Exactly retype the lines below from the one containing "بعد خطاب الأمير.." through the end of the listing. Leave pictures out.

• [GIVEN MATERIAL]
/---
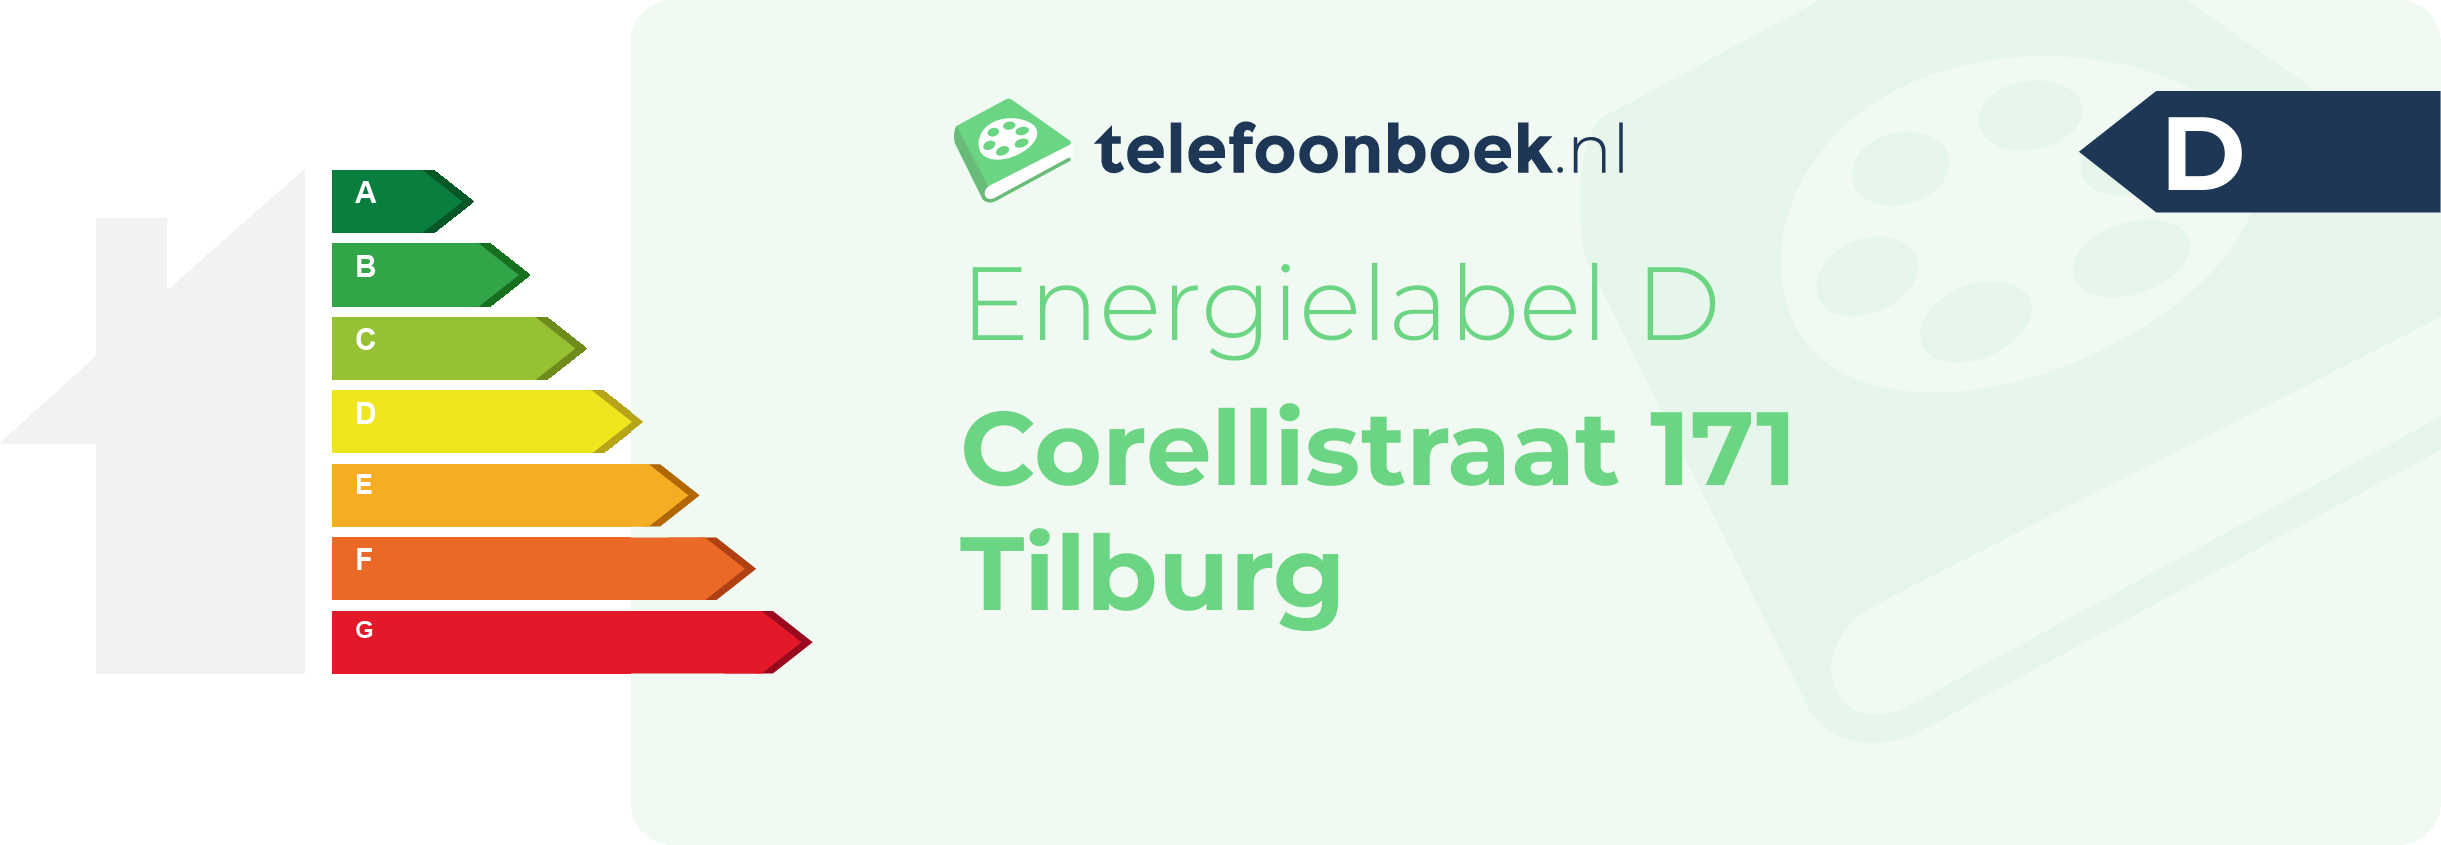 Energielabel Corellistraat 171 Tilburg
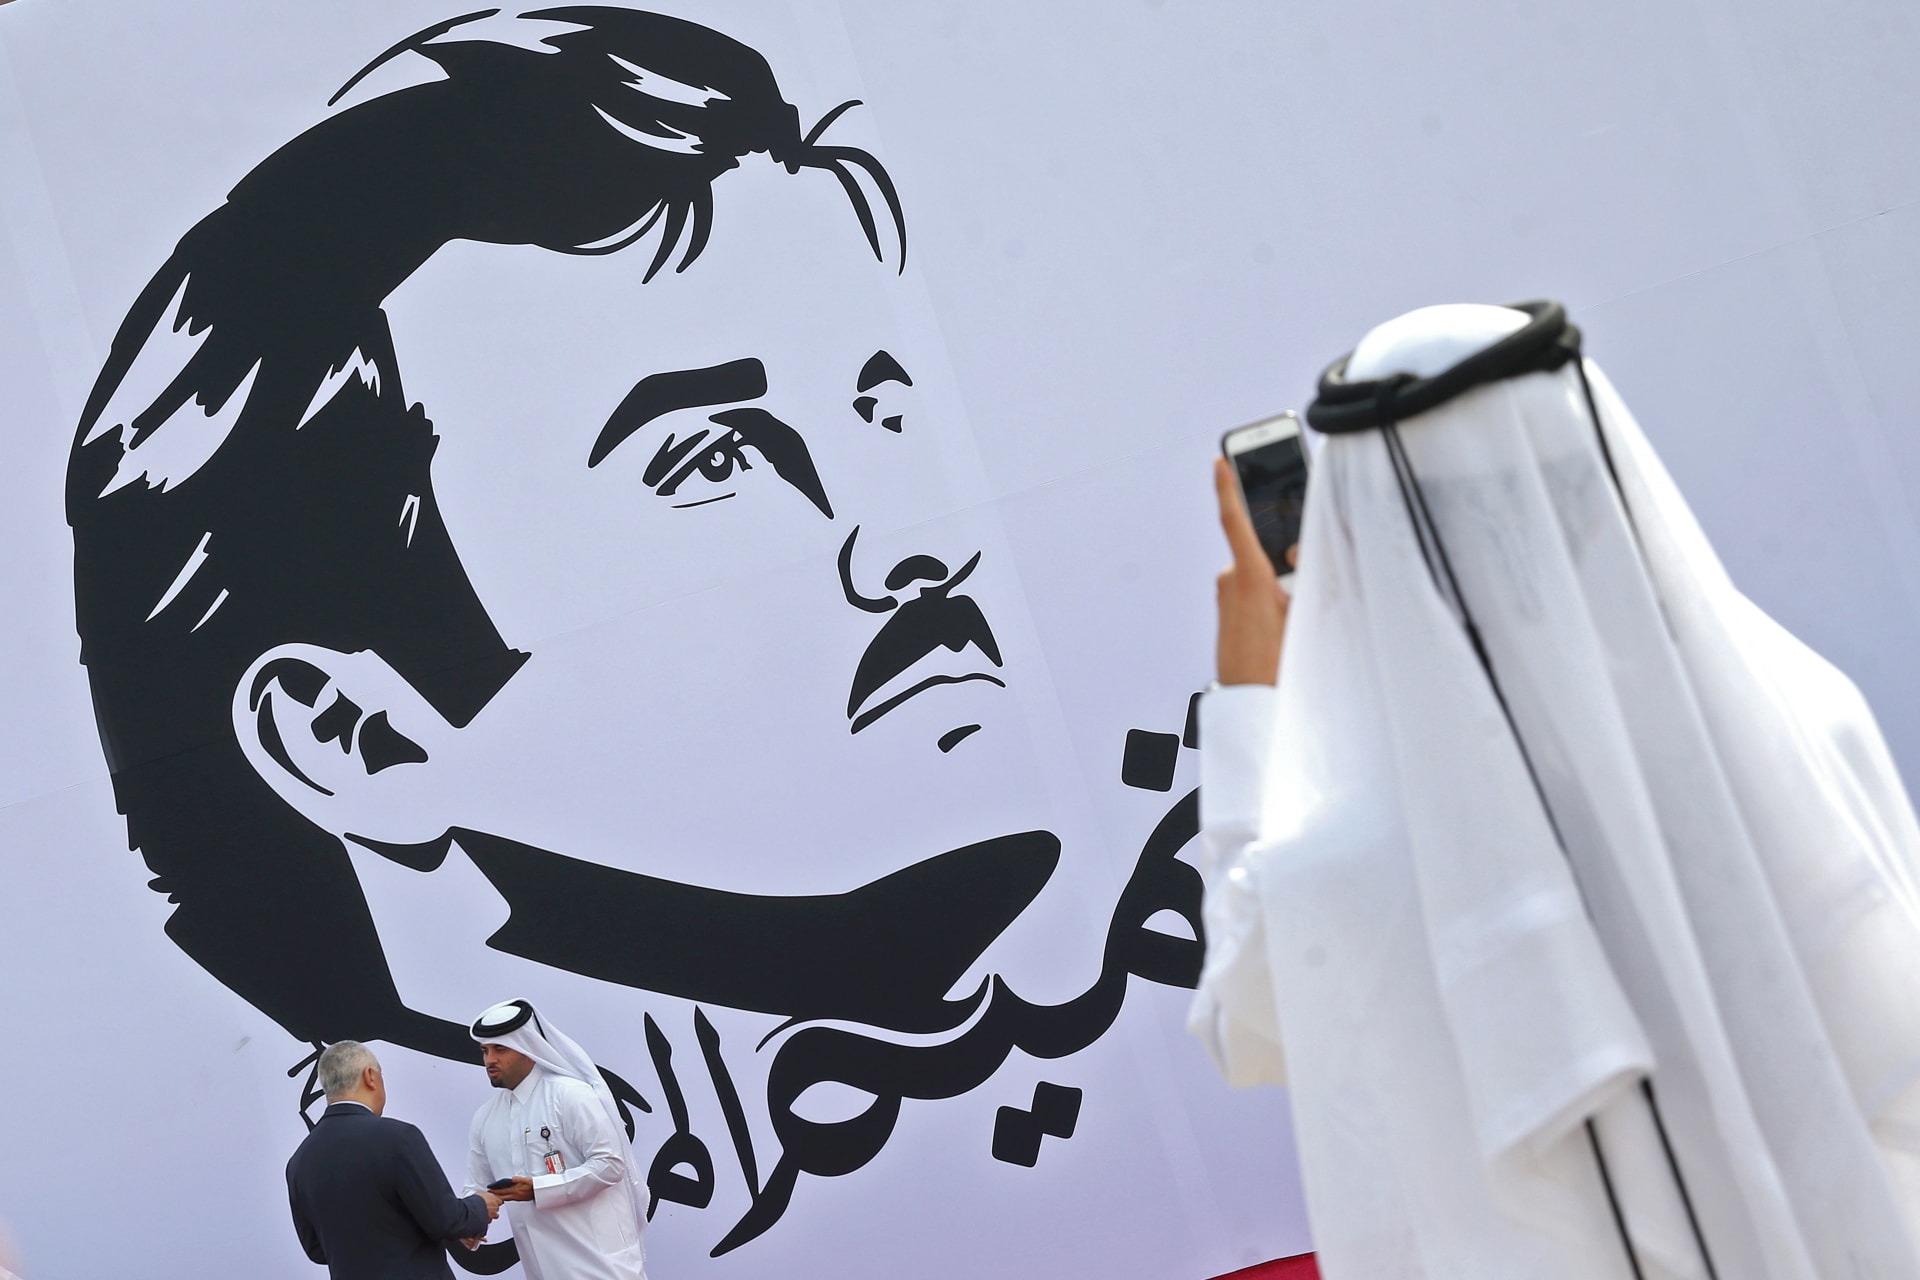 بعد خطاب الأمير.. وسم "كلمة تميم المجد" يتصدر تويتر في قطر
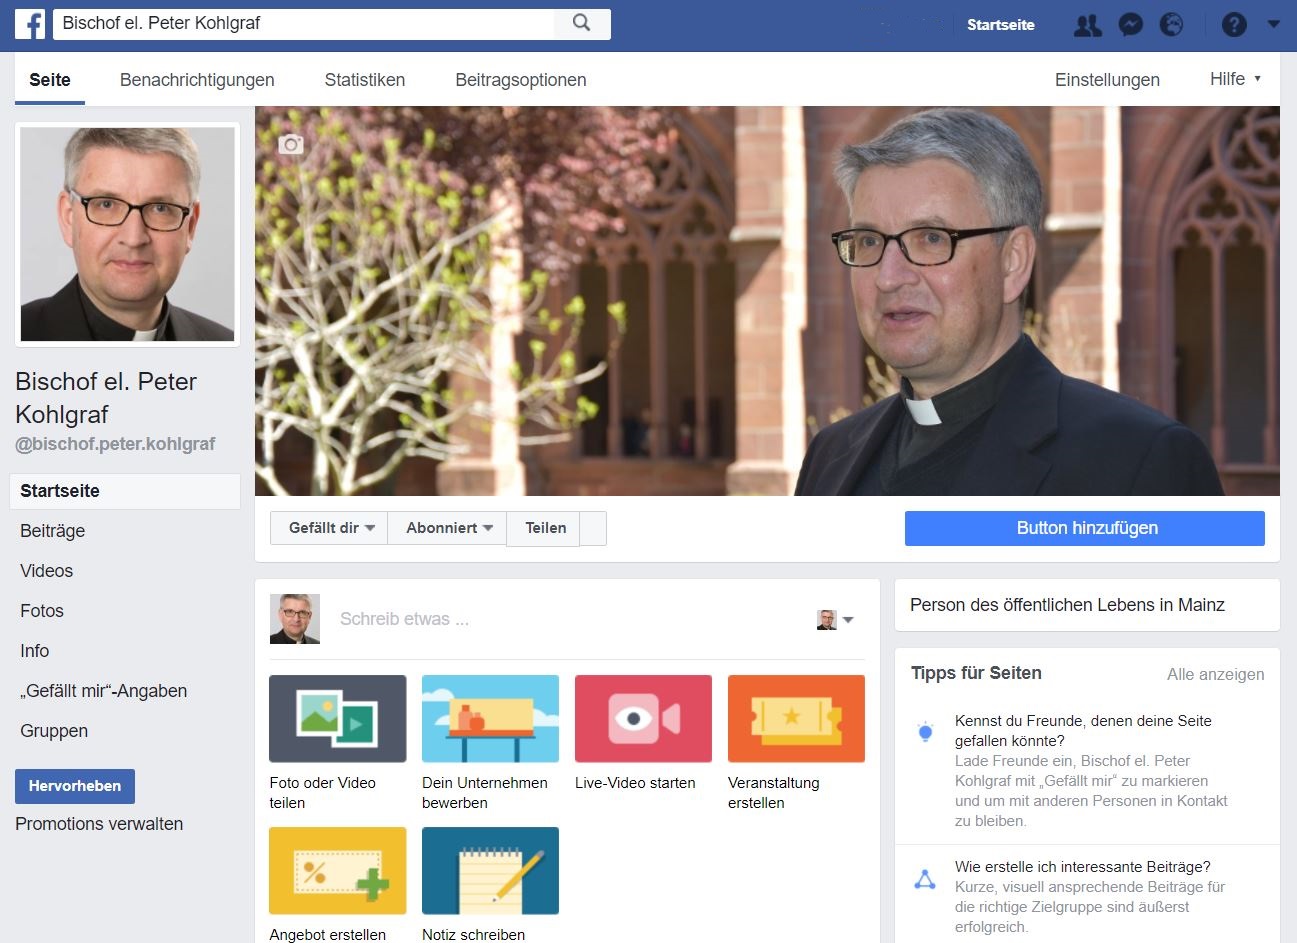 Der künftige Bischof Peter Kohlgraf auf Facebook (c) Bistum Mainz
\---
• [OUTPUT BELOW]
 بعد خطاب الأمير.. وسم "كلمة تميم المجد" يتصدر تويتر في قطر
 Der künftige Bischof Peter Kohlgraf auf Facebook (c) Bistum Mainz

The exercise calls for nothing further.